TASK OBJECTIVE:
The required output is the exact run of lines in the listing below from the line holding "Semi-Metallic Brake Pads" through the line holding "4 types of maintenance", with no pictures.

DATA TO USE:
BEGIN

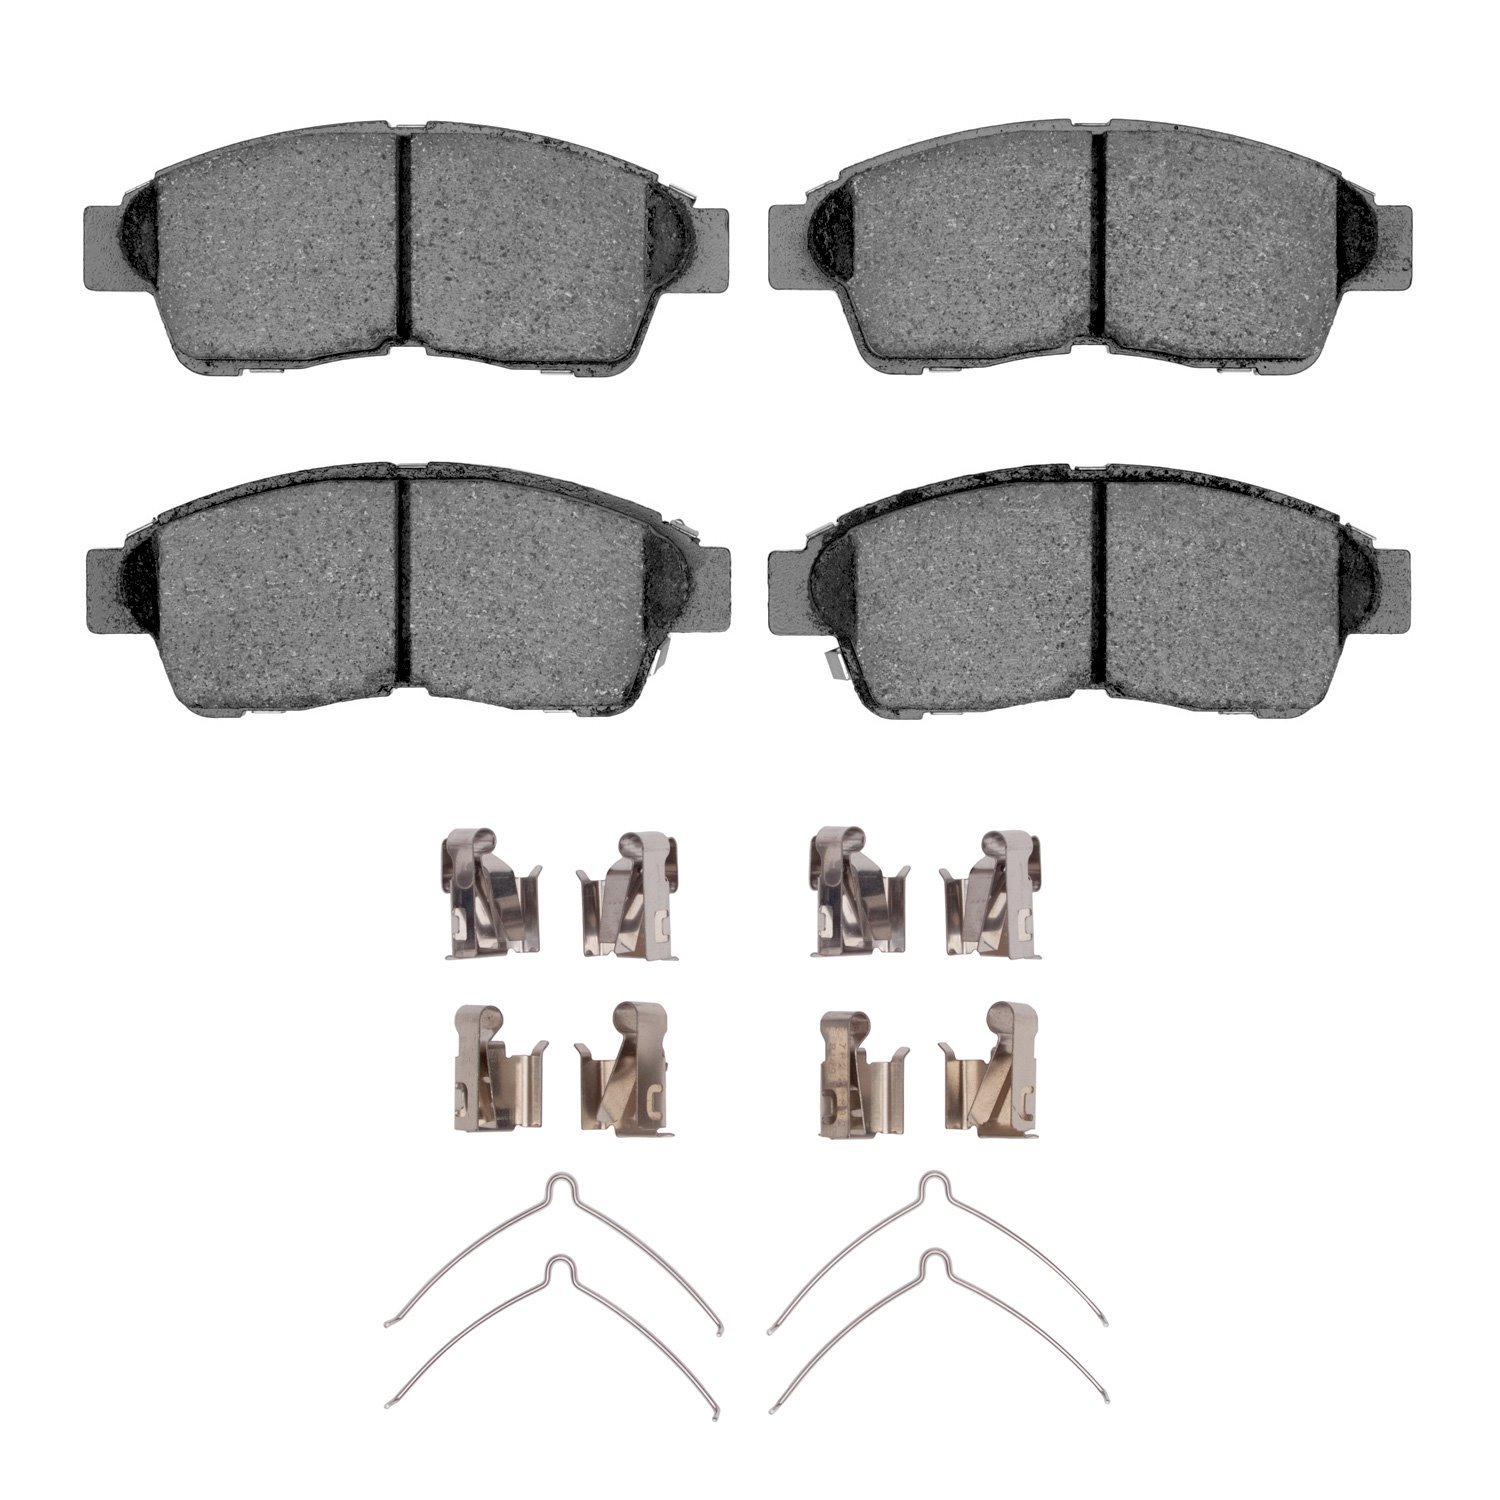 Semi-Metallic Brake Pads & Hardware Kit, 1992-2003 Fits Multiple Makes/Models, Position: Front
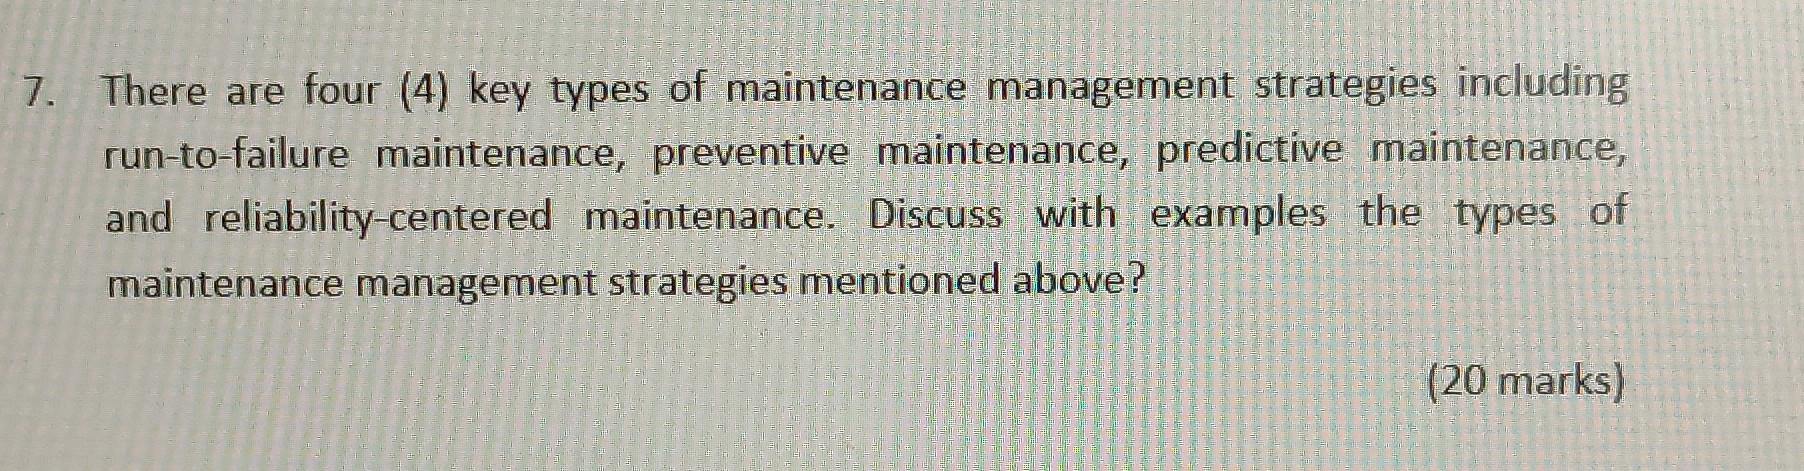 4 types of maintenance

END
BEGIN

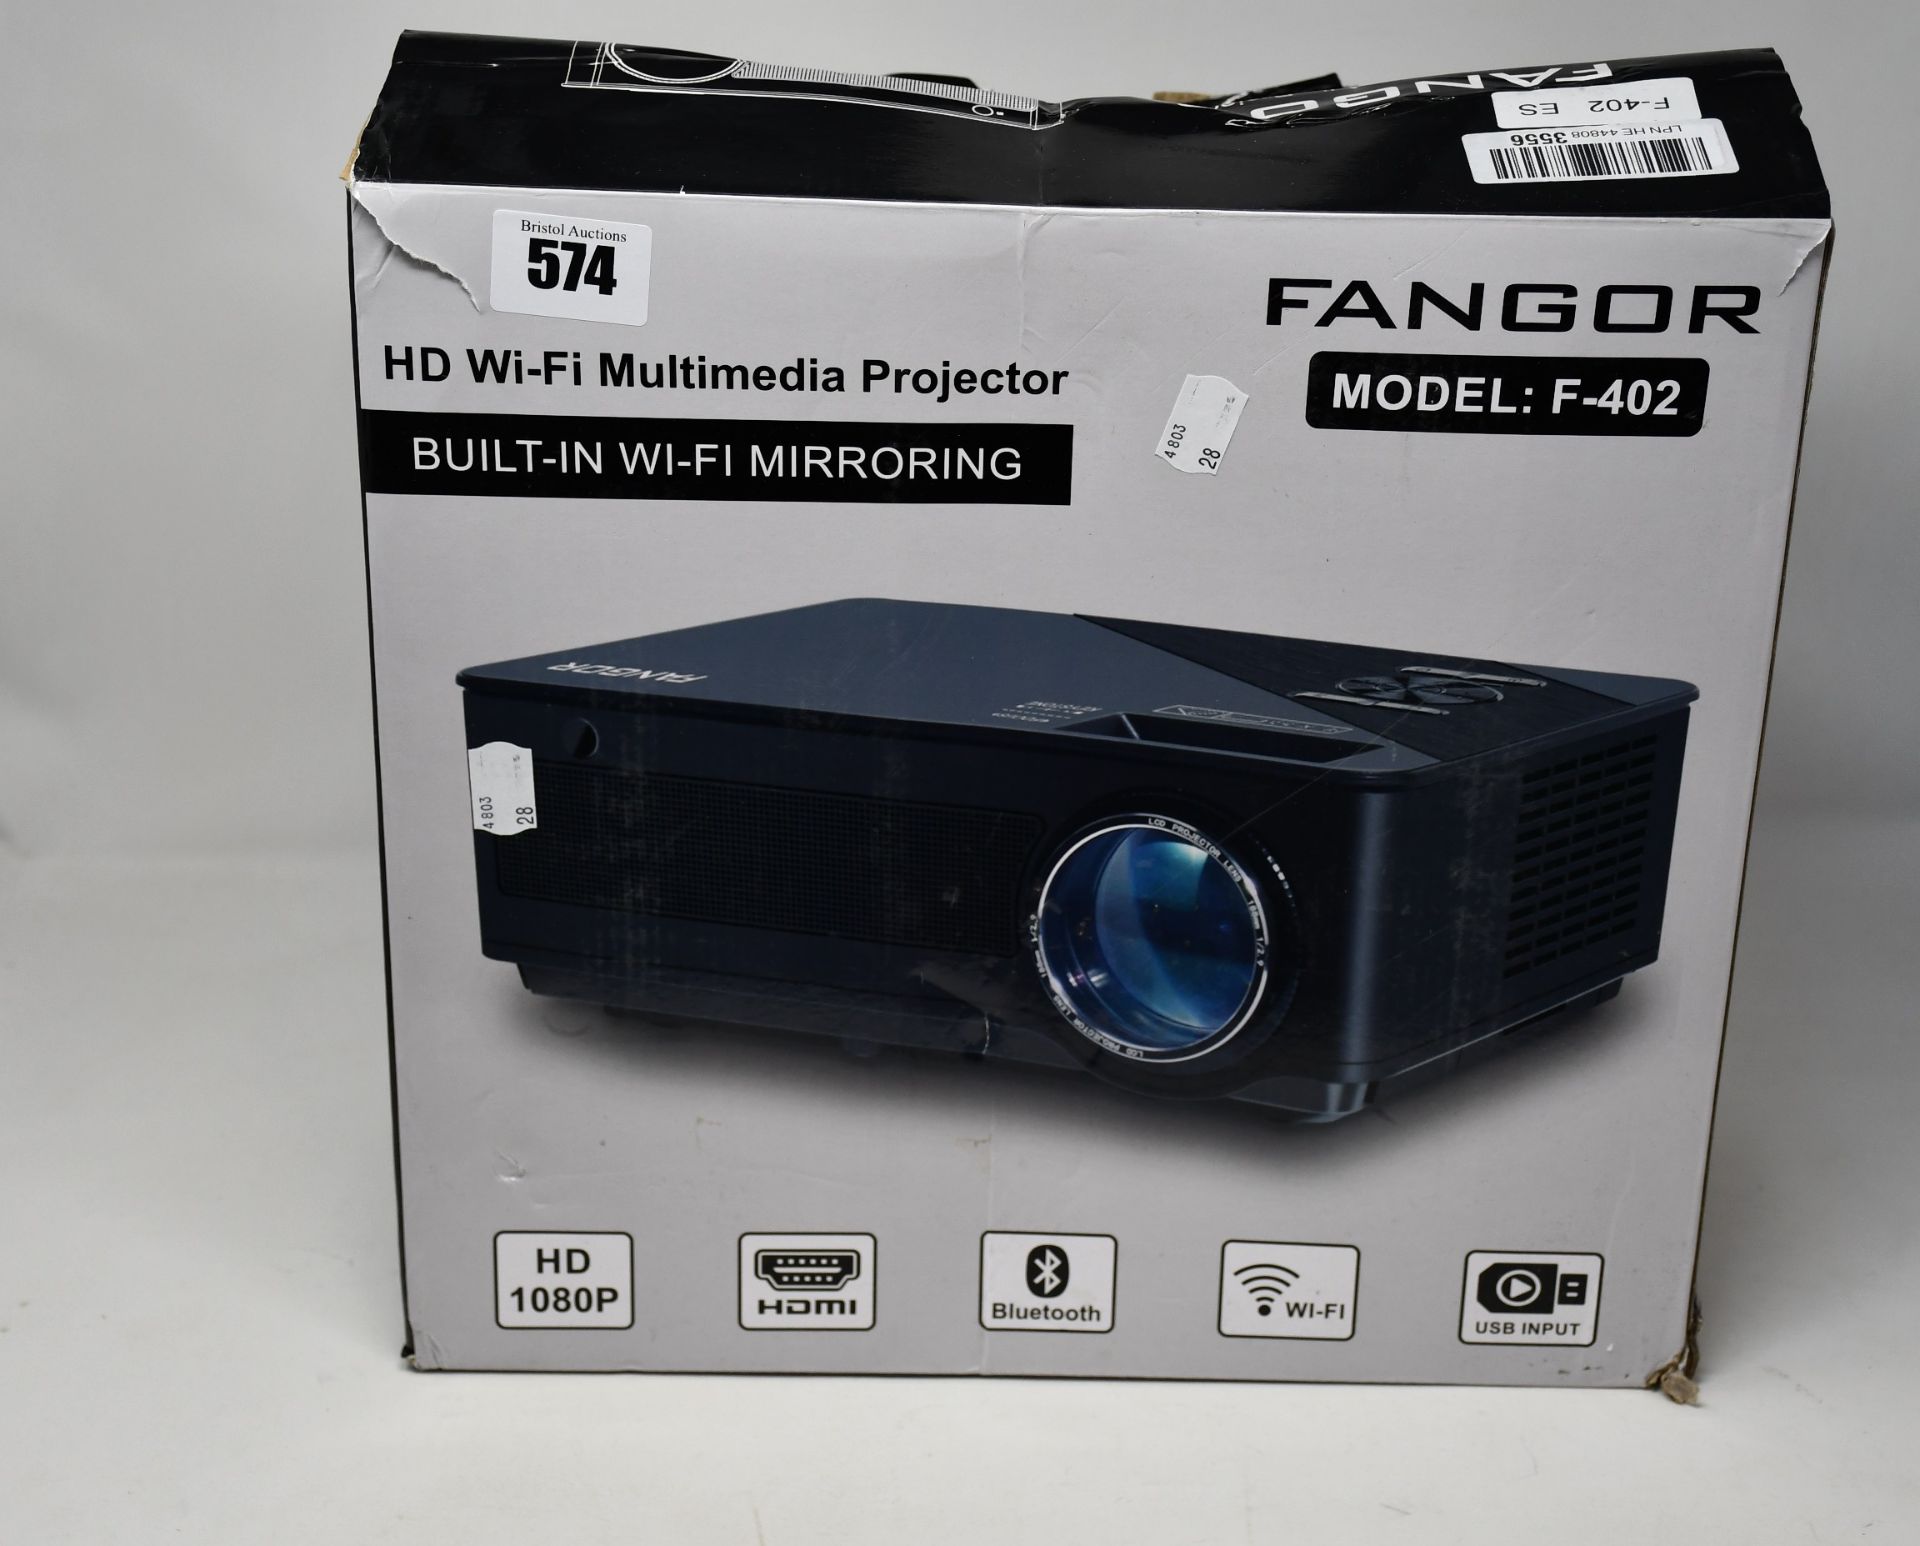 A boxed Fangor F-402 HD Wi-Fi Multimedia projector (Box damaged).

END

SOLUTION TO THIS TASK:
 Semi-Metallic Brake Pads & Hardware Kit, 1992-2003 Fits Multiple Makes/Models, Position: Front
 4 types of maintenance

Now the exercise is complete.